- [PROBLEM TO WORK ON]: Take the material below and extract the lines from the one with "To establish human" through the one with "Grilled Chicken Parmesan Soup - Out Grilling", word for word, without pictures.

- [PROVIDED DATA]:
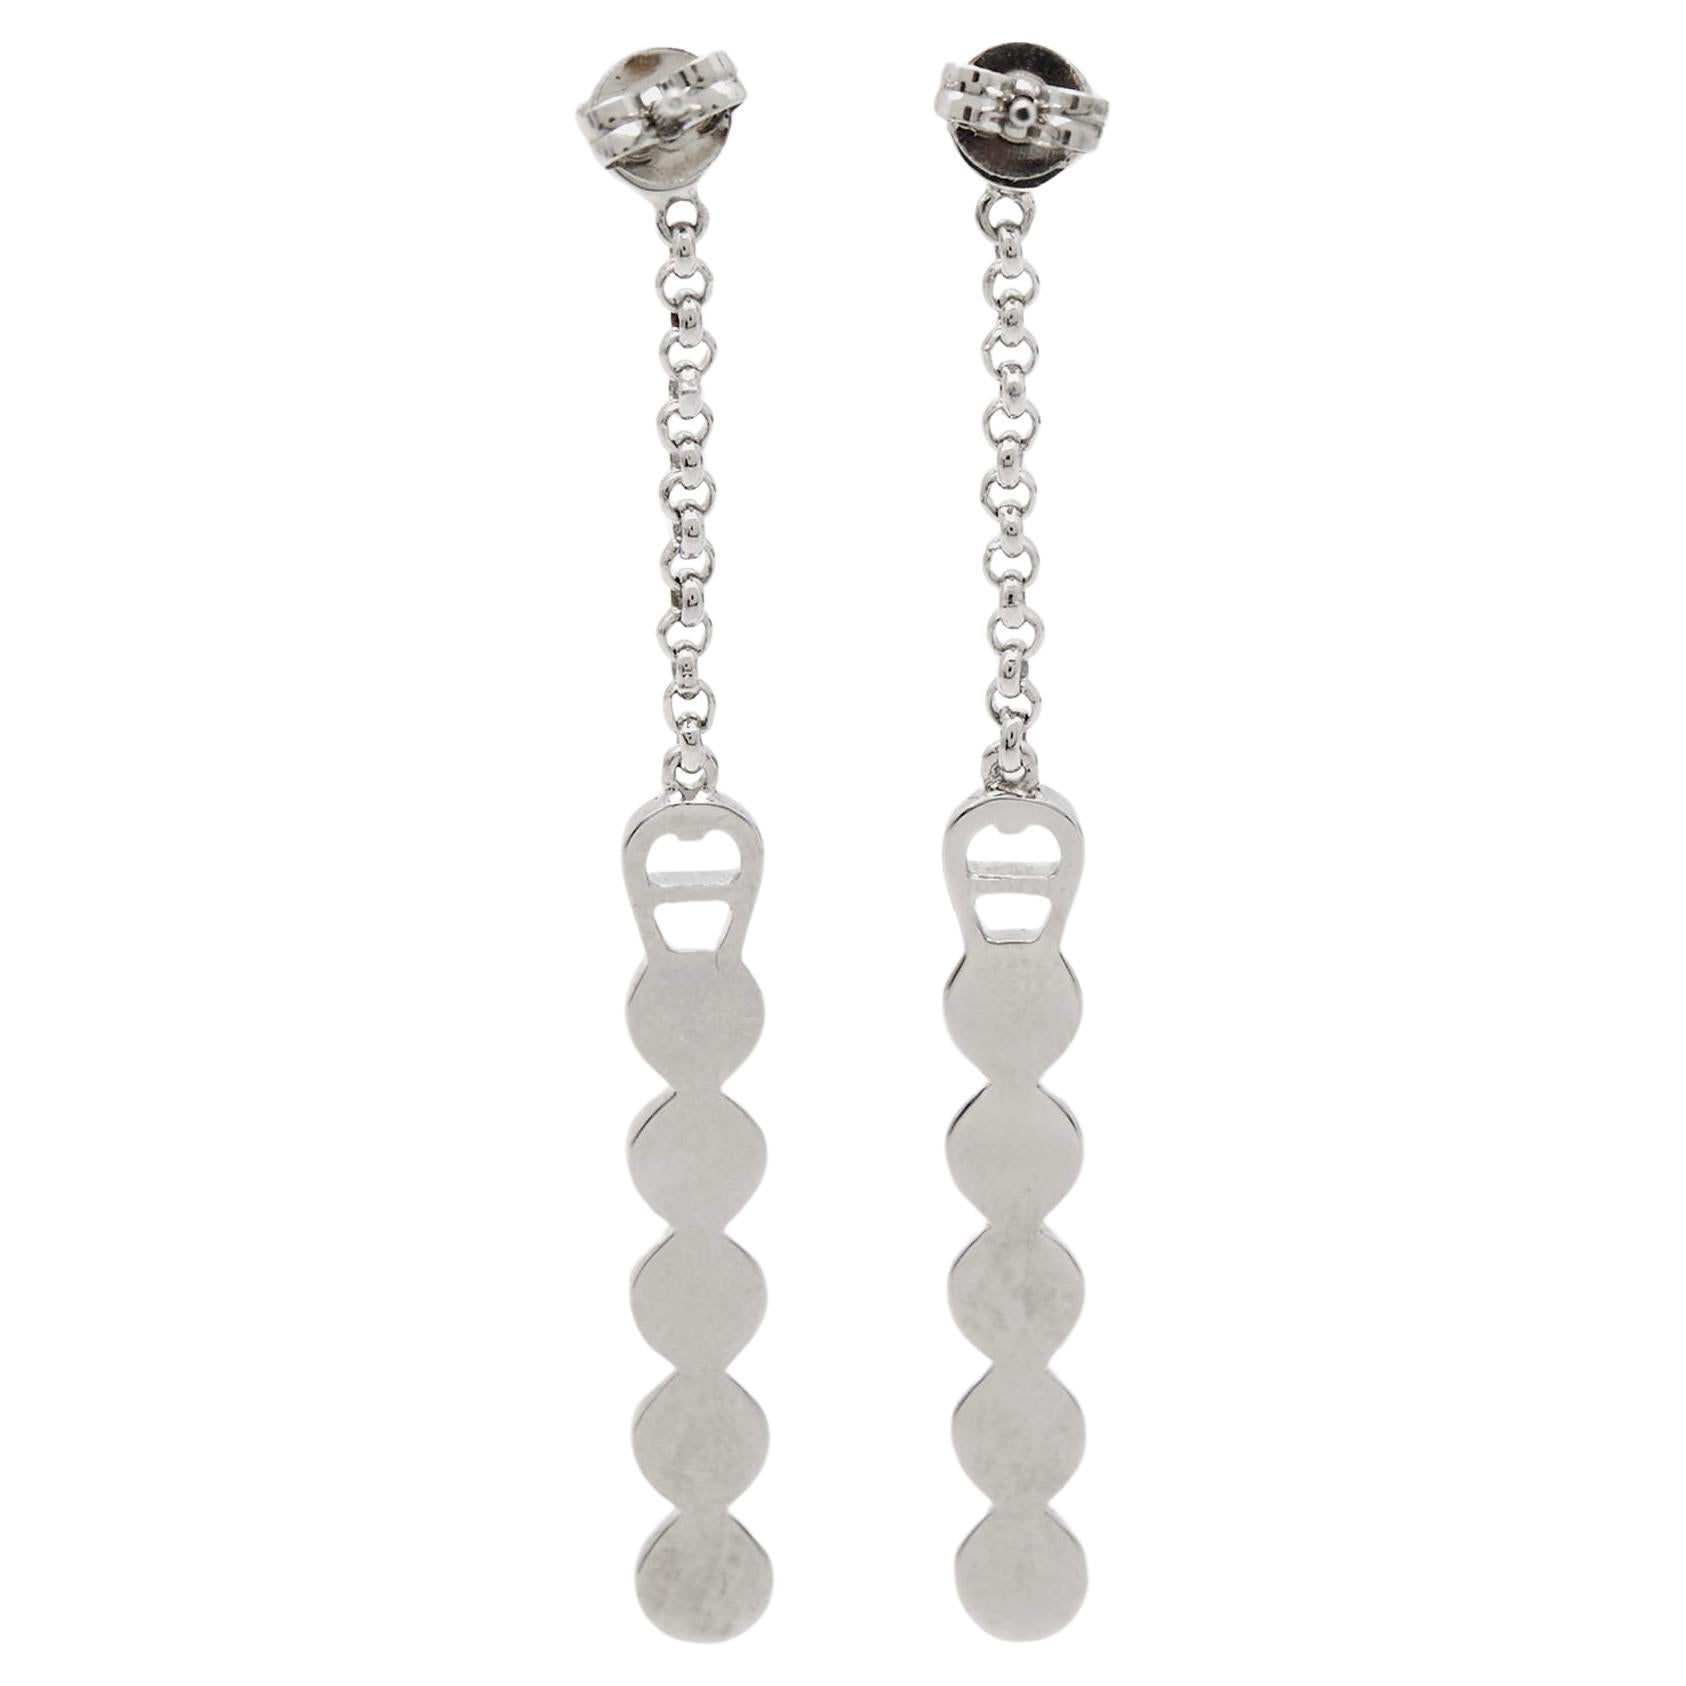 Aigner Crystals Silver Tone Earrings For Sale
...
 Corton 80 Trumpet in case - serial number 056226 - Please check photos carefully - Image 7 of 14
* * *
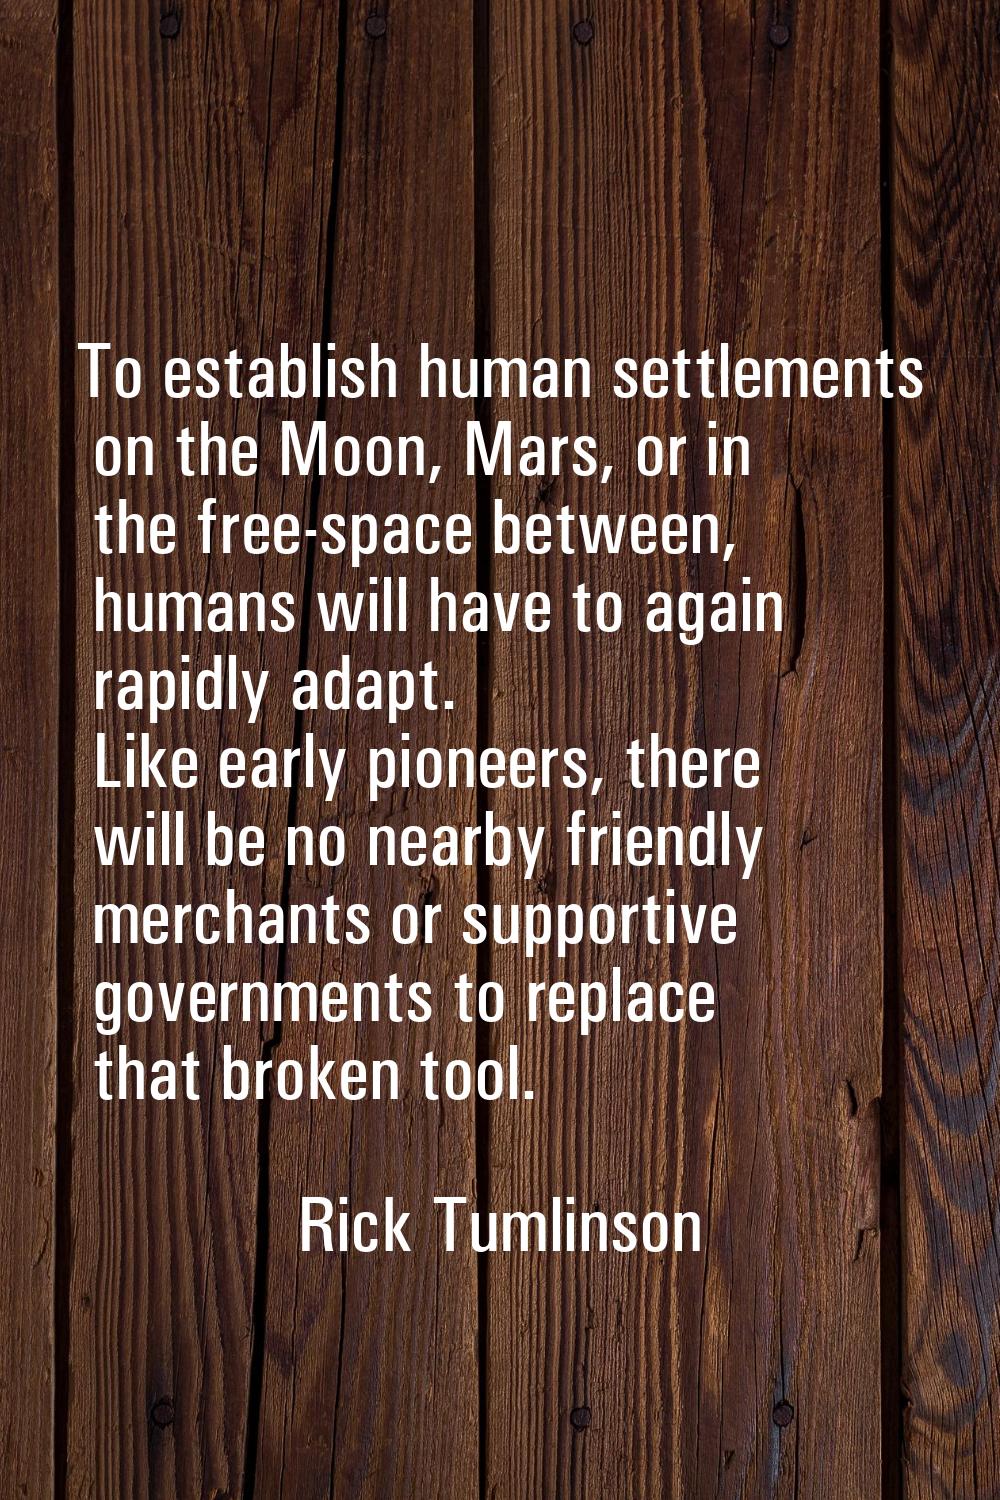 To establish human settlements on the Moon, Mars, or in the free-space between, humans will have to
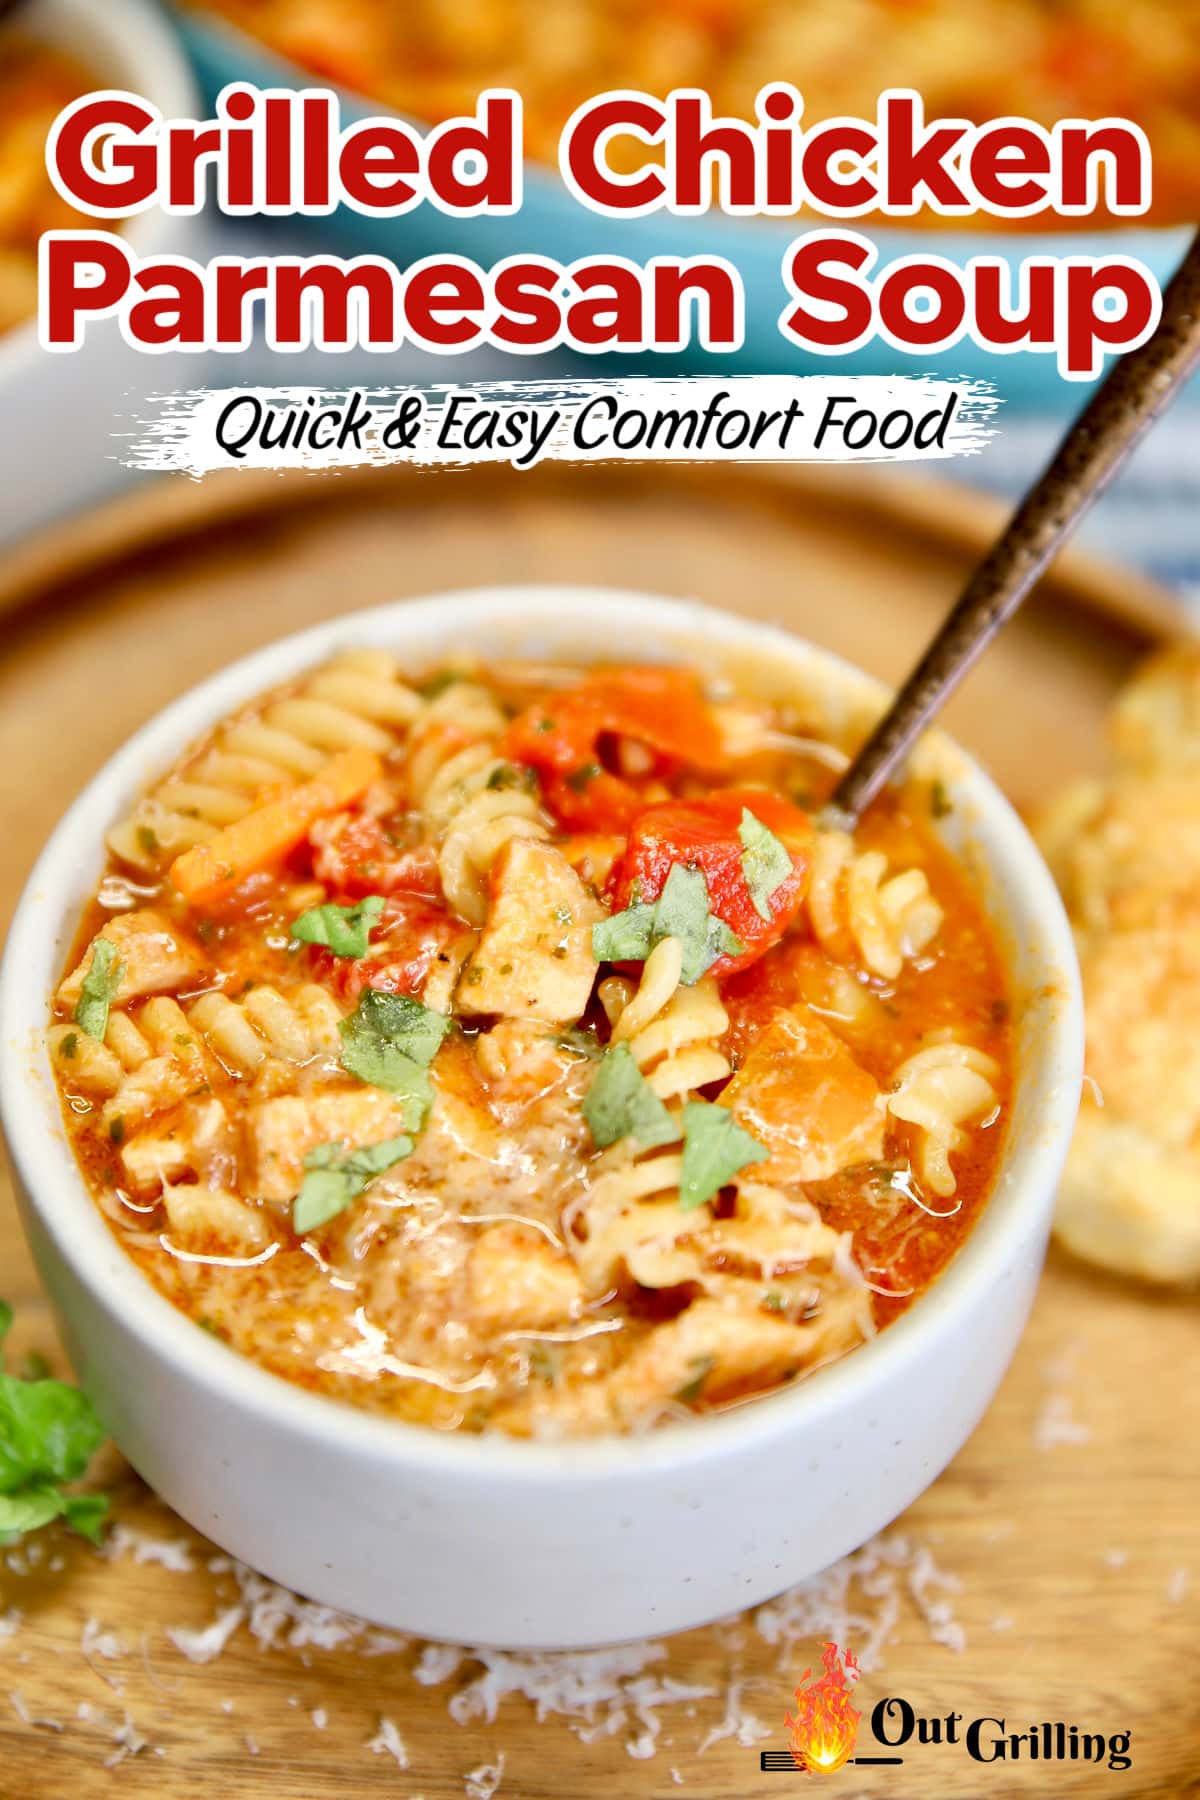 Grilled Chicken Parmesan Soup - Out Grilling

- [YOUR RESPONSE]:
 To establish human settlements on the Moon, Mars, or in the free-space between, humans will have to
 Grilled Chicken Parmesan Soup - Out Grilling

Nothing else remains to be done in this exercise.